I see that Microsoft has posted a litigation covenant on the OfficeXML formats (also read Brian Jones’ exegesis). In response, there’s a bunch of legal poking and prodding here and here; I don’t understand the legal arguments, and I don’t think they’re the interesting part of the story anyhow. So, let’s do two thought experiments. First, what if Microsoft really is doing the right thing? Second, how can we avoid having two incompatible file formats? [Update: There’s been a lot of reaction to this piece, and I addressed some of those points here.]
Clearly, there’s still work to be done on the legals; the current Microsoft statement only covers the 2003 versions, and to see the schemas you have to fight through a bunch of technical barriers and draconian legalese. But unless Brian Jones is lying in his teeth, their intent is to remove the legal encumbrances and let developers loose on their file formats. (If that’s not the case, we’ll find out pretty soon, and in that case I think the Microsoft XML is pretty well doomed; the world is simply not willing to live with legally-tainted file formats any more).

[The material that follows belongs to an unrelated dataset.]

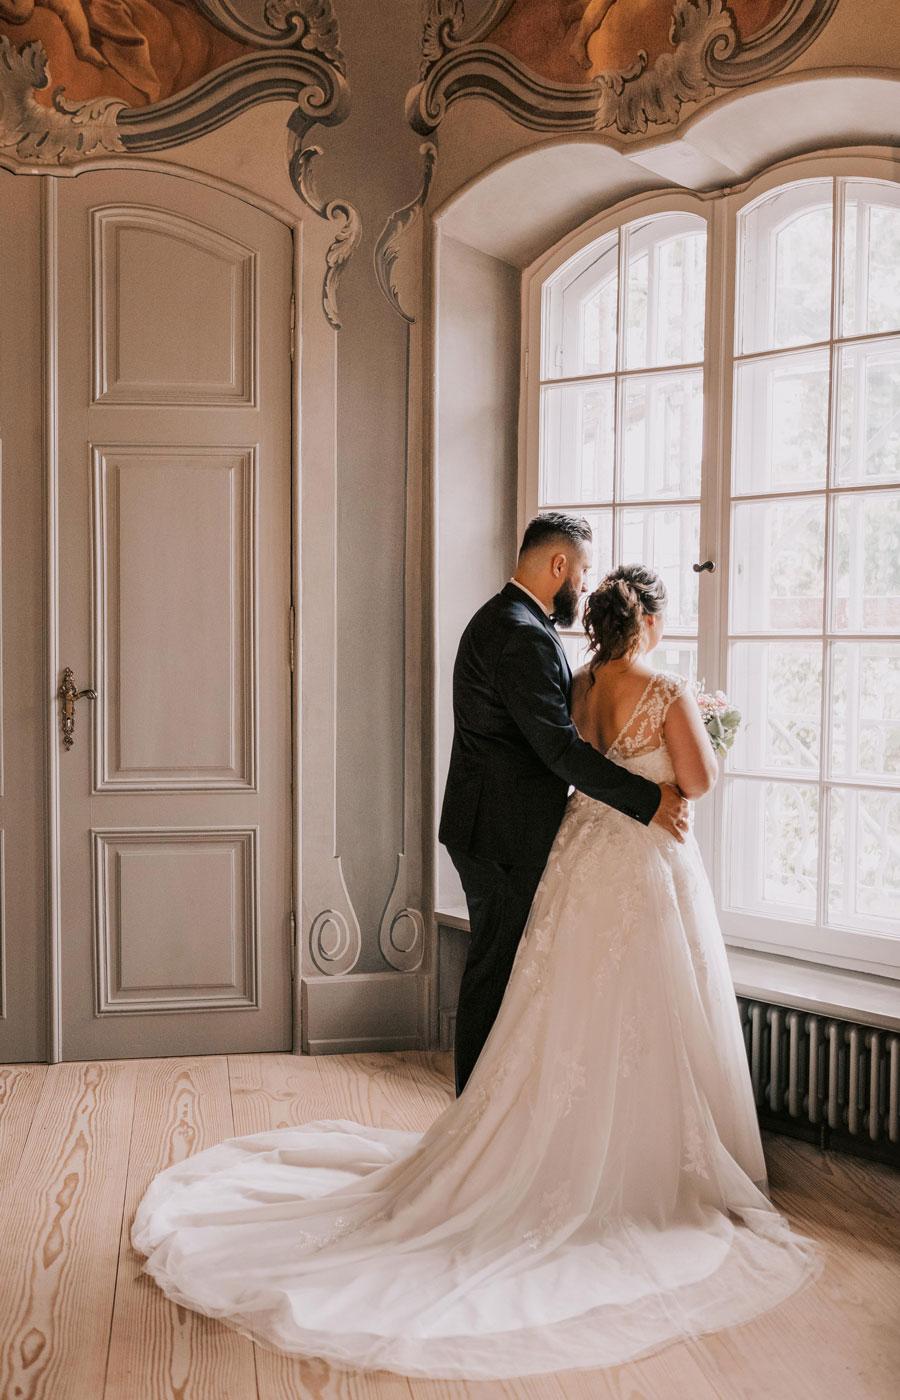 Studioart Photography Hochzeitsshooting Oktober-2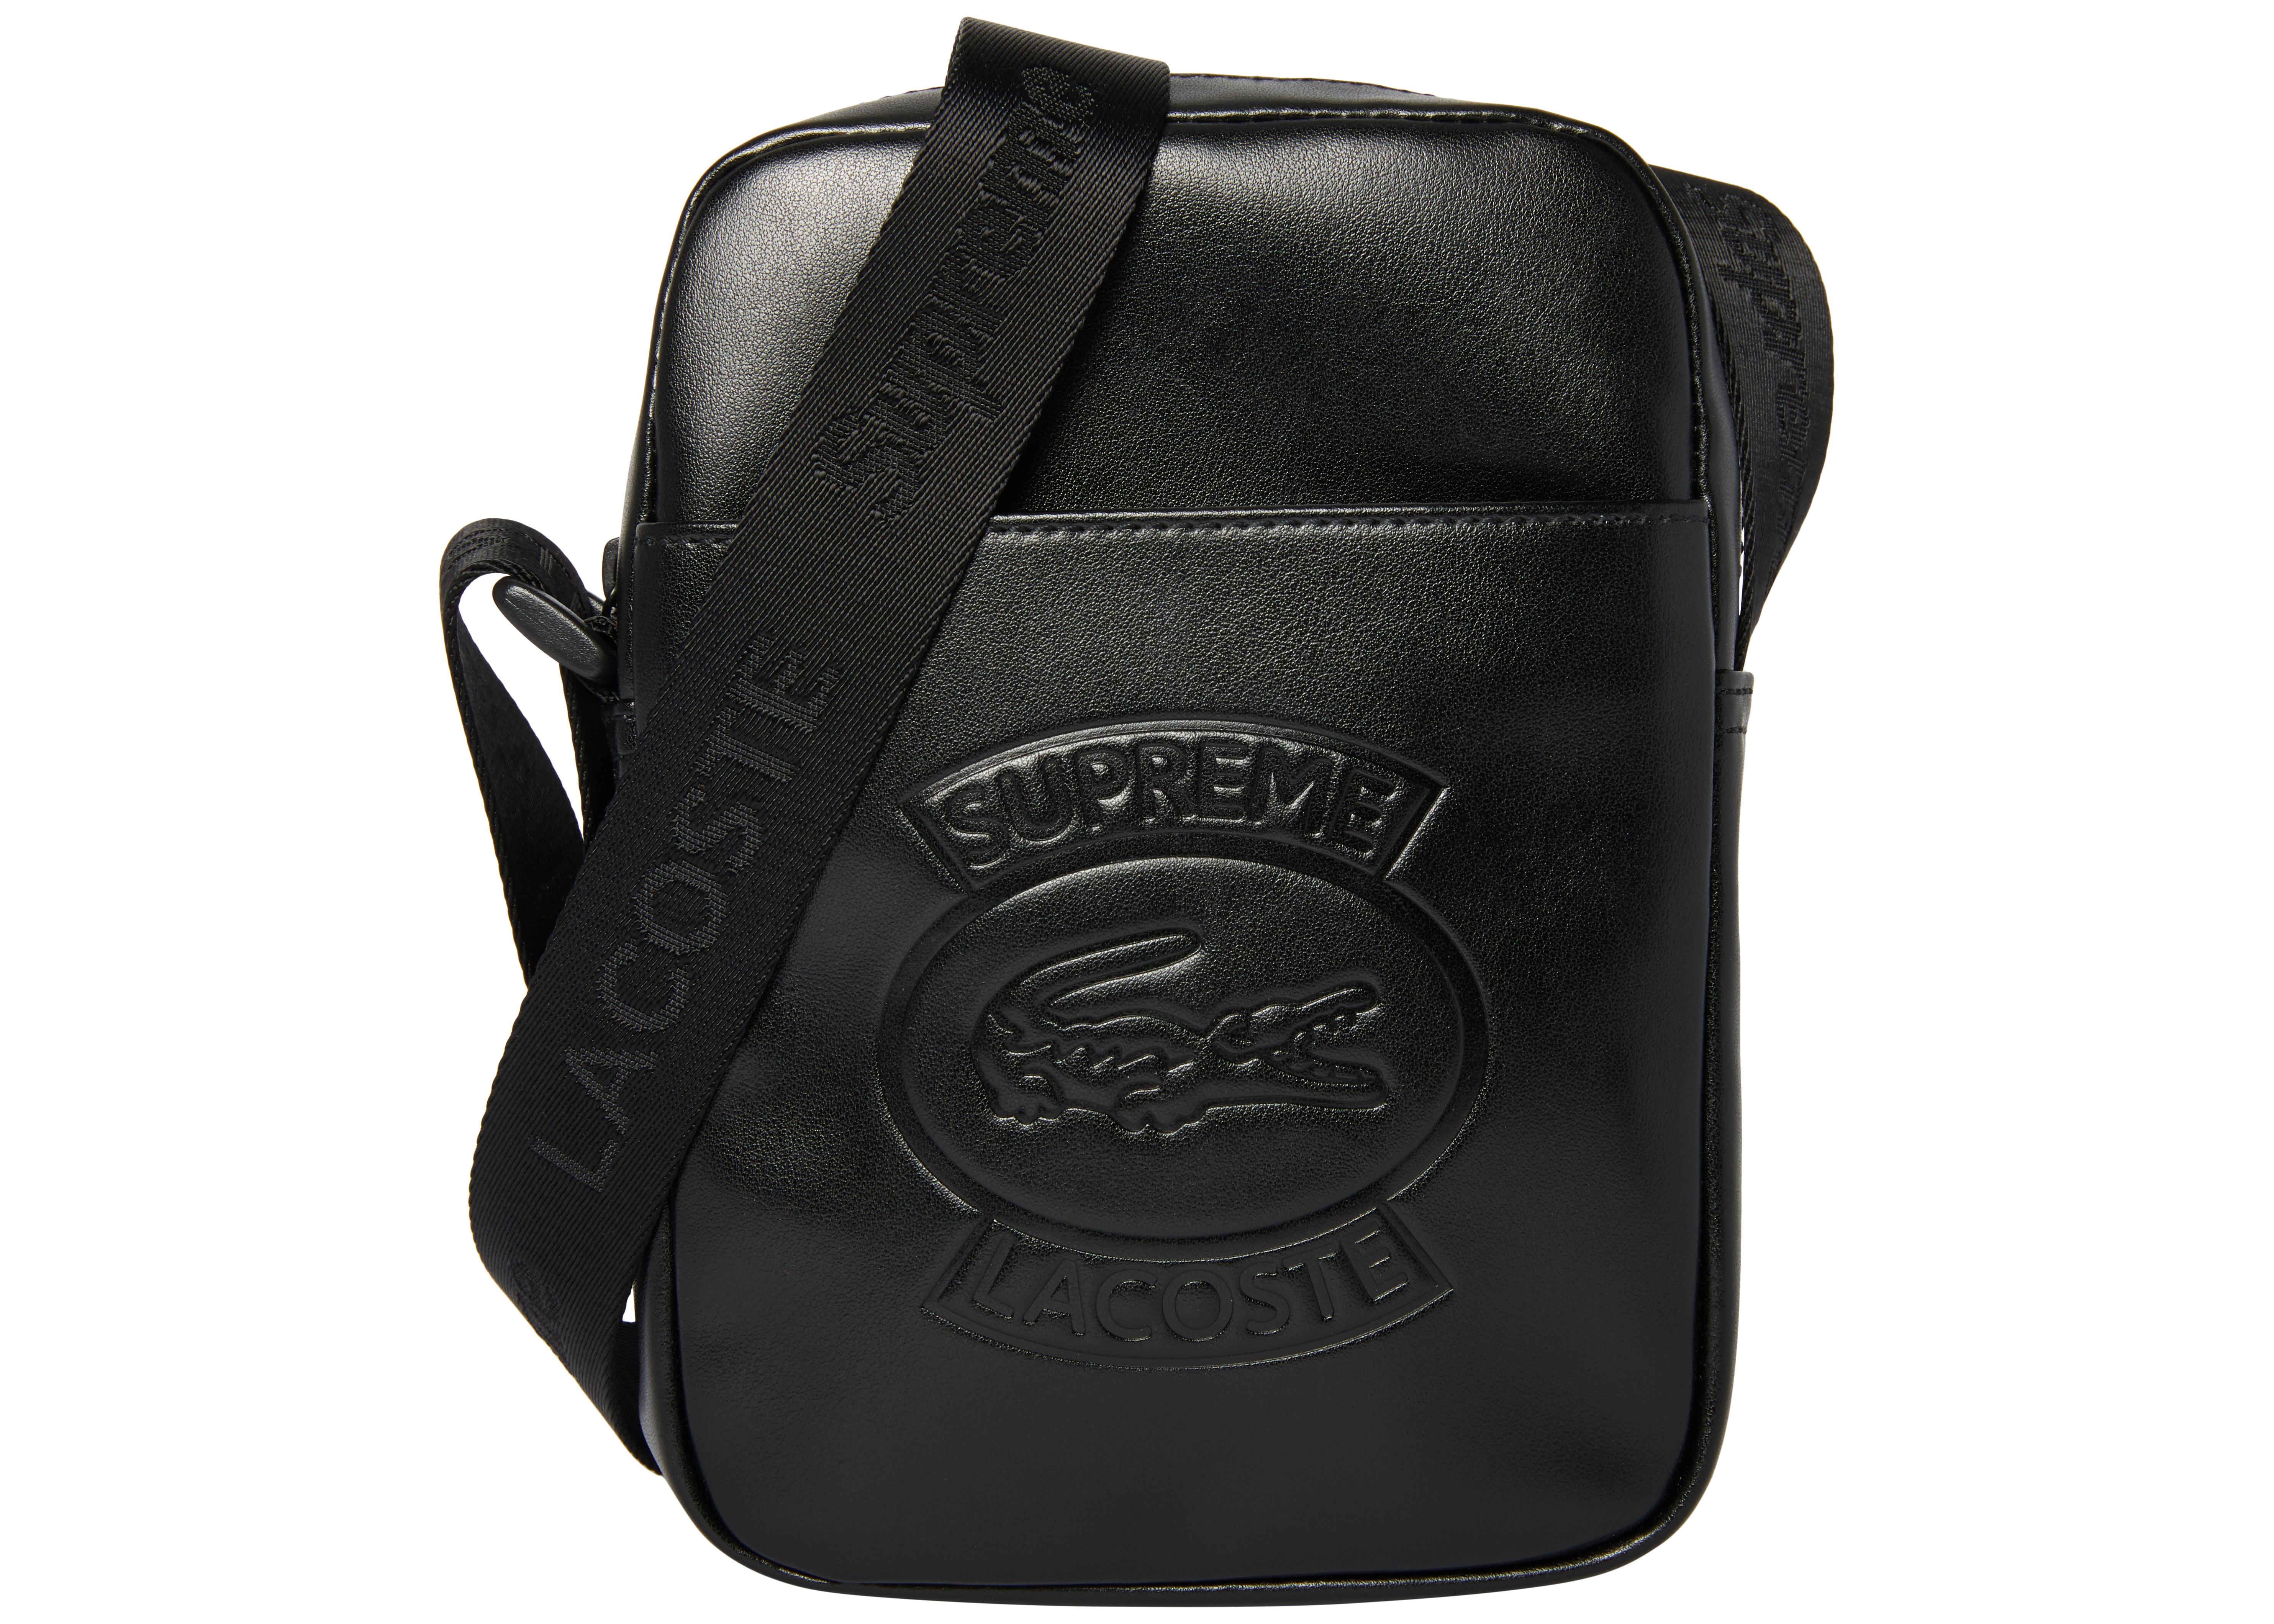 Lacoste Supreme Supreme Lacoste Shoulder Bag Bag Shoulder Supreme Lacoste Black Shoulder Bag Black A35LjcqS4R

So, as a thought experiment, let’s assume the legal obstacles are gone; what then?
To keep things short, let’s call OpenDocument Format 1.0 “ODF” and the Office 12 XML File Formats “O12X”.
Alternatives · In ODF we have a format that’s already a stable OASIS standard and has multiple shipping implementations. In O12X we have a format that will become a stable ECMA standard with one shipping implementation sometime a year or two from now, depending on software-development and standards-process timetables. ODF is in the process of working its way through ISO, and O12X will apparently be sent down that road too, which should put ISO in an interesting situation.
On the technology side, the two formats are really more alike than they are different. But, there are differences: O12X’s design center, Microsoft has said repeatedly, is capturing the exact semantics of the billions of existing Microsoft Office documents. ODF’s design center is general-purpose reusability, and leveraging existing standards like SVG and MathML and so on.
Which do you like better? I know which one I’d pick. But I think we’re missing the point.
Why Are There Two? · Almost all office documents are just paragraphs of text, with some bold and some italics and some lists and some tables and some pictures. Almost all spreadsheets are numbers and labels, with some sums and averages and pivots and simple algebra. Almost all presentations are lists of bullet points with occasional pictures.
The capabilities of ODF and O12X are essentially identical for all this basic stuff. So why in the flaming hell does the world need two incompatible formats to express it? The answer, obviously, is, “it doesn’t”.
Microsoft wants there to be an office-document XML format that covers their billions of legacy documents, and they want it to be open. Fair enough; I approve. But why do we have to re-invent all the basic stuff, and have two ways to express “This paragraph is in 12-point Arial with 1.2em leading and ragged-right justification” or “K37 is the average of B37 through H37”?
The ideal outcome would be a common shared office-XML dialect for the basics—and it should be ODF (or a subset), since that’s been designed and debugged—then another extended vocabulary to support Microsoft features , whether they’re cool new whizzy features or mouldy old legacy features (XML Namespaces are designed to support exactly this kind of thing). That way, if you stayed with the basic stuff you’d never need to worry about software lock-in; the difference between portable and proprietary would be crystal-clear. And, for the basic stuff that everybody uses, there’d be only one set of tags.
This outcome is technically feasible. Who could possibly be against it?